CDAP - PE.2010.0372 - 2010-10-04 - A. X.________c /Service de la population (SPOP)

4 octobre 2010Français9 min

Source vd.ch

Faits

Vu les faits suivants

A.

Le 30 juin 2010, la Police cantonale

fribourgeoise a communiqué au Service de la population vaudois (ci-après: SPOP)

un rapport daté du 14 juin 2010 établi dans le cadre d'une enquête ouverte

à l'encontre de A. X.________, ressortissant kosovar né le 18 janvier

1952, pour infractions à la loi fédérale sur les étrangers. Les faits y sont

résumés comme suit:

"Gemäss Auftrag

des Untersuchungsrichter Hr. Dr. C.________ und gestützt auf die Anzeige des

Amtes für Bevölkerung und Migration gegen A. X.________, wegen Widerhandlungen

gegen das AuG, wurden Erhebungen getätigt.

Dabei konnte ermittelt werden, dass A. X.________

seit Jahren, vermutlich seit dem 01.08.1991 bis zum heutigen Tag, mit einem Unterbruch,

ohne gültige Arbeits- und Aufenthaltsbewilligung, als Hilfsarbeiter bei der

Firma D.________, 3********, 4********, teilzeitlich gearbeitet und

gelegentlich auch gewohnt hat.

Es konnten bezüglich dieser Beschäftigung für

die Jahre 1999 und 2000 sowie für die Jahre 2005 bis 2009 Nachweise beigebracht

werden. A. X.________ ist noch heute in Teilzeit bei der D.________ tätig.

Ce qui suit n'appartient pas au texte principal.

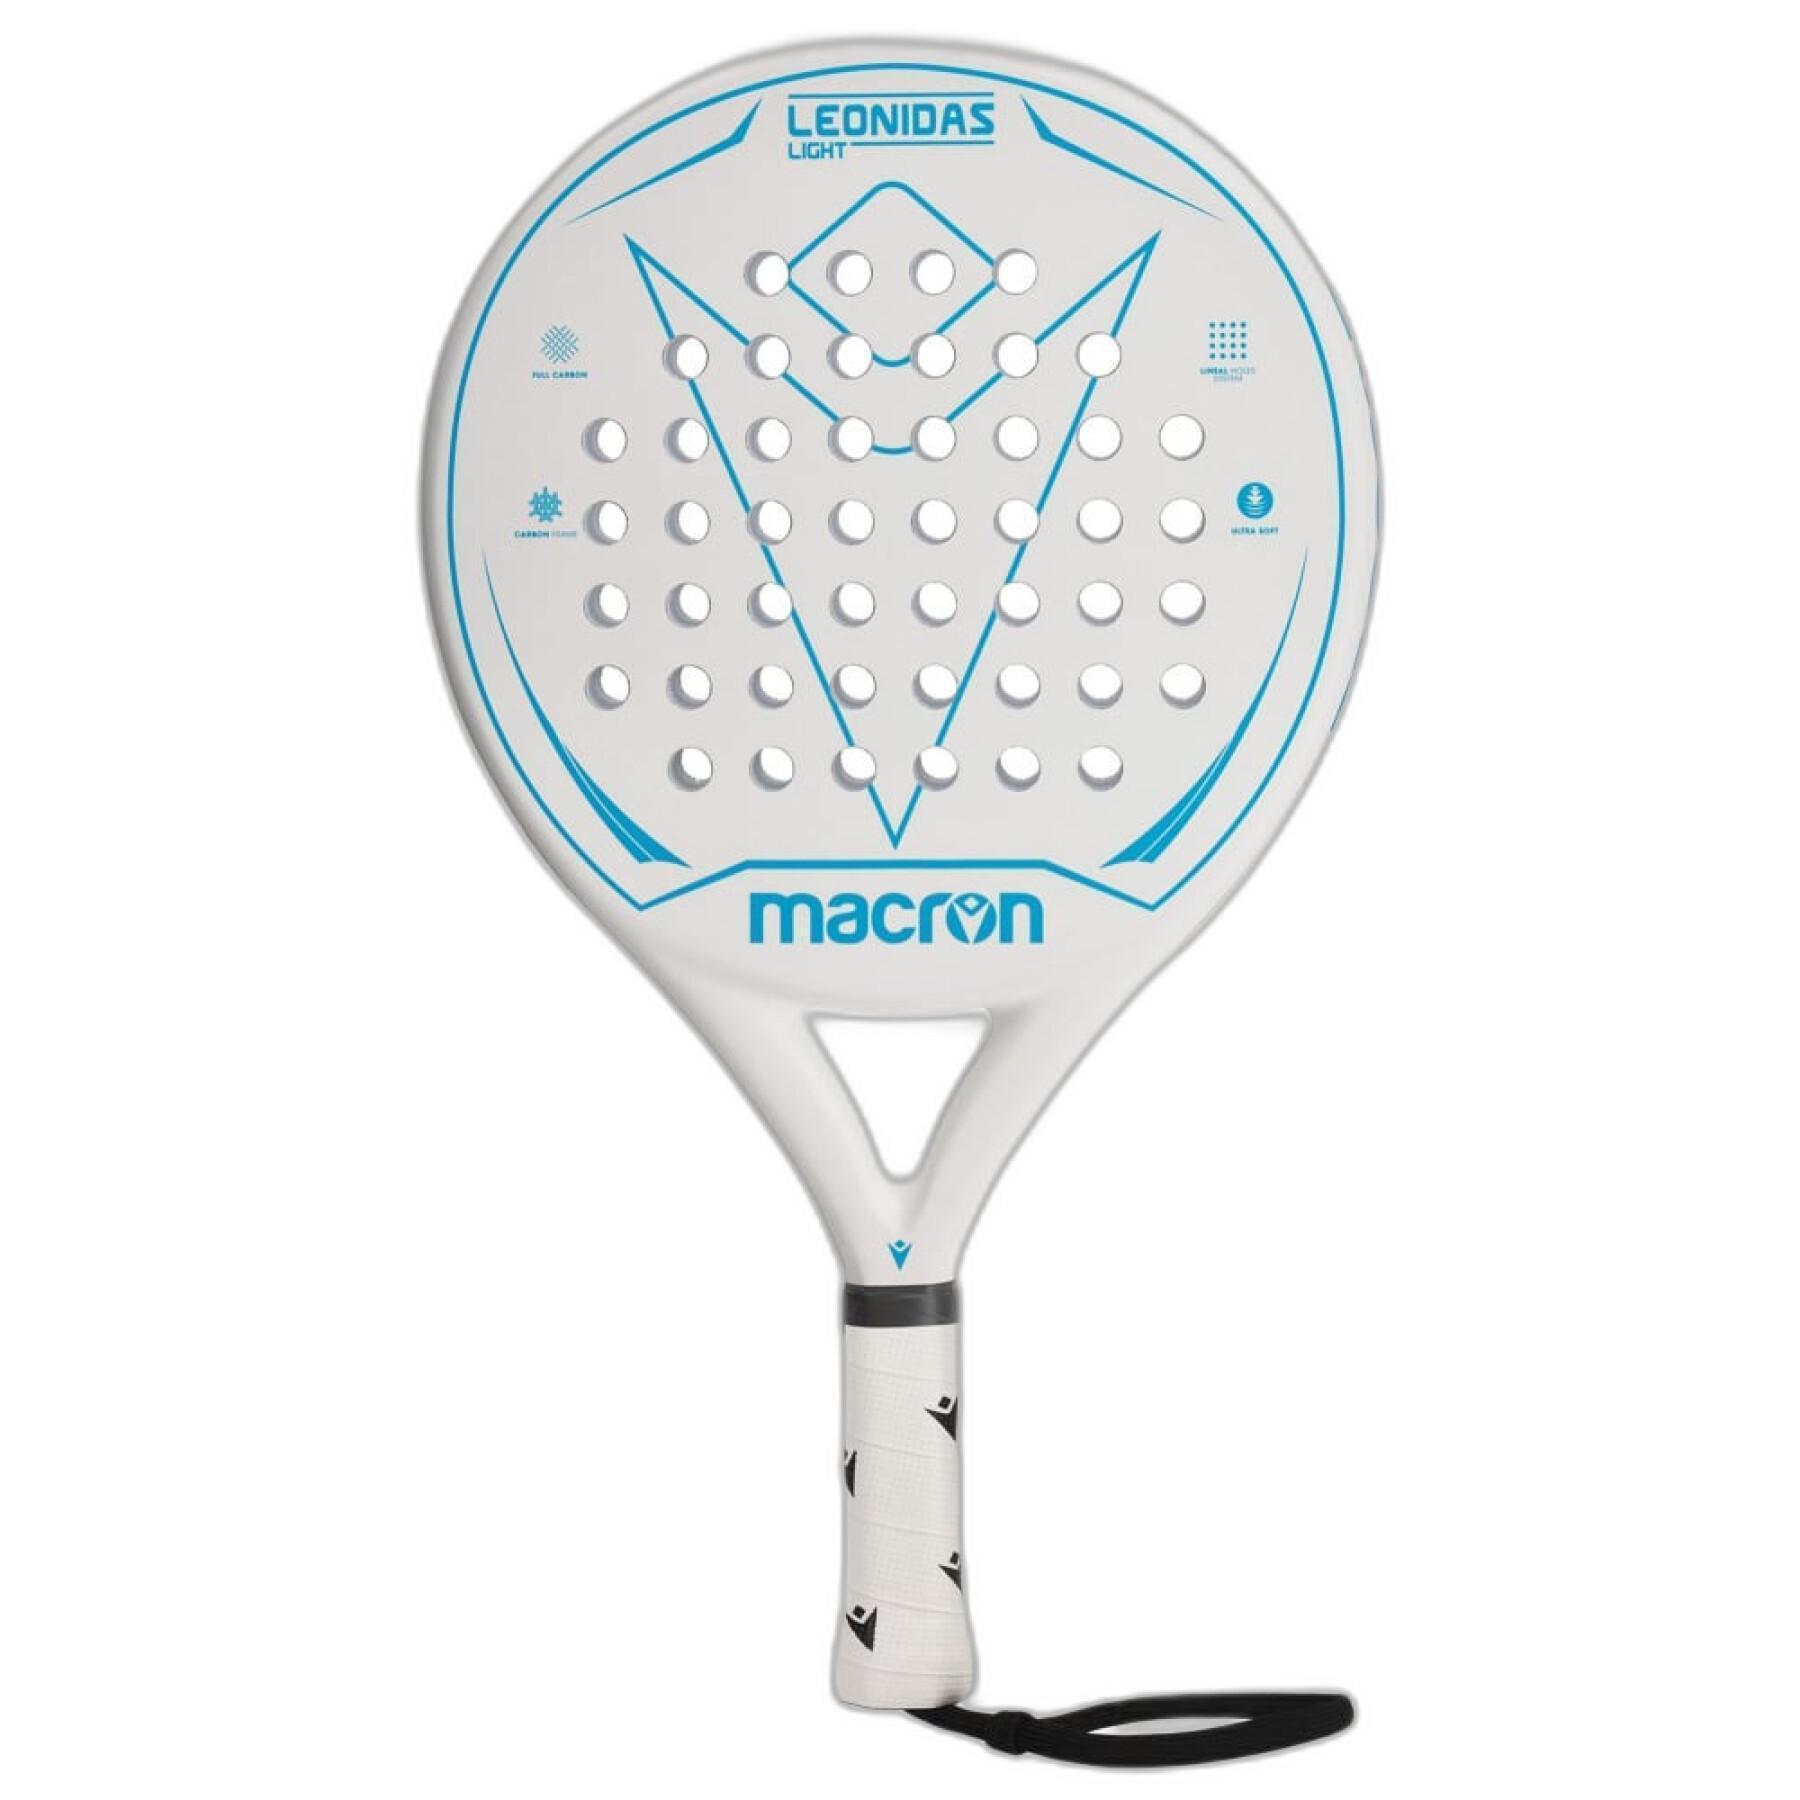 Paddle racket Macron CC Leonidas Light

Wie in Erfahrung gebracht werden konnte, wohnt A.

X.________ während der übrigen Zeit bei seiner Ehefrau E. X.________ in 5********,

Chemin 6********.

X.________ A. erschien am 11.06.2010 in

Begleitung von D.________ auf dem Polizeiposten Tafers. Er wünschte jedoch

gegenüber der Polizei keine Aussagen zu machen, da er sehr vergesslich sei und

manches verwechsle. Er wünschte vom Untersuchungsrichter, in Beisein seines

Anwalts, Lic. iur B.________, einvernommen zu werden.

Für A. X.________ war zuletzt eine

Kurzaufenthaltsbewilligung L ausgestellt worden, welche vom 01.04.1991 bis zum

31.07.1991 Gültigkeit hatte.

X.________ A. hat Kenntnis von dieser Anzeige.

Sein Arbeitgeber D.________ wird in einem

separat Rapport verzeigt."

Entendus séparément, D.________ et son

épouse, F. D.________ Y.________, ont confirmé que A. X.________ travaillait

pour le compte de l'entreprise "D.________" alors qu'il ne disposait

d'aucune autorisation à cette fin.

B.

Par lettre du 12 juillet 2010, le SPOP a

prononcé le renvoi de Suisse de A. X.________ et lui a imparti un délai d'un

mois pour quitter le territoire helvétique.

Par lettre du 15 juillet 2010, A.

X.________ a réclamé la notification d'une décision formelle.

Par décision du 21 juillet 2010,

notifiée le 27 juillet 2010, le SPOP a renvoyé A. X.________ de Suisse et

lui a imparti un délai de départ d'un mois à cet effet.

C.

Par acte expédié le 29 juillet 2010, A. X.________

a, par l'intermédiaire d'un mandataire, recouru contre cette décision en

prenant les conclusions suivantes:

"- rétablir l'effet suspensif pour les

motifs ci-dessus invoqués

- annuler la décision de l'autorité intimée

- admettre l'inexigibilité de la mesure de

renvoi prise à l'encontre du recourant".

A l'appui de son recours, il notamment

produit une lettre que le Service de la population et des migrants du canton de

Fribourg avait adressée à son mandataire le 4 mai 2010 et dont la teneur est

la suivante:

"Comme convenu lors de notre entretien

téléphonique de ce jour, nous vous retournons votre demande.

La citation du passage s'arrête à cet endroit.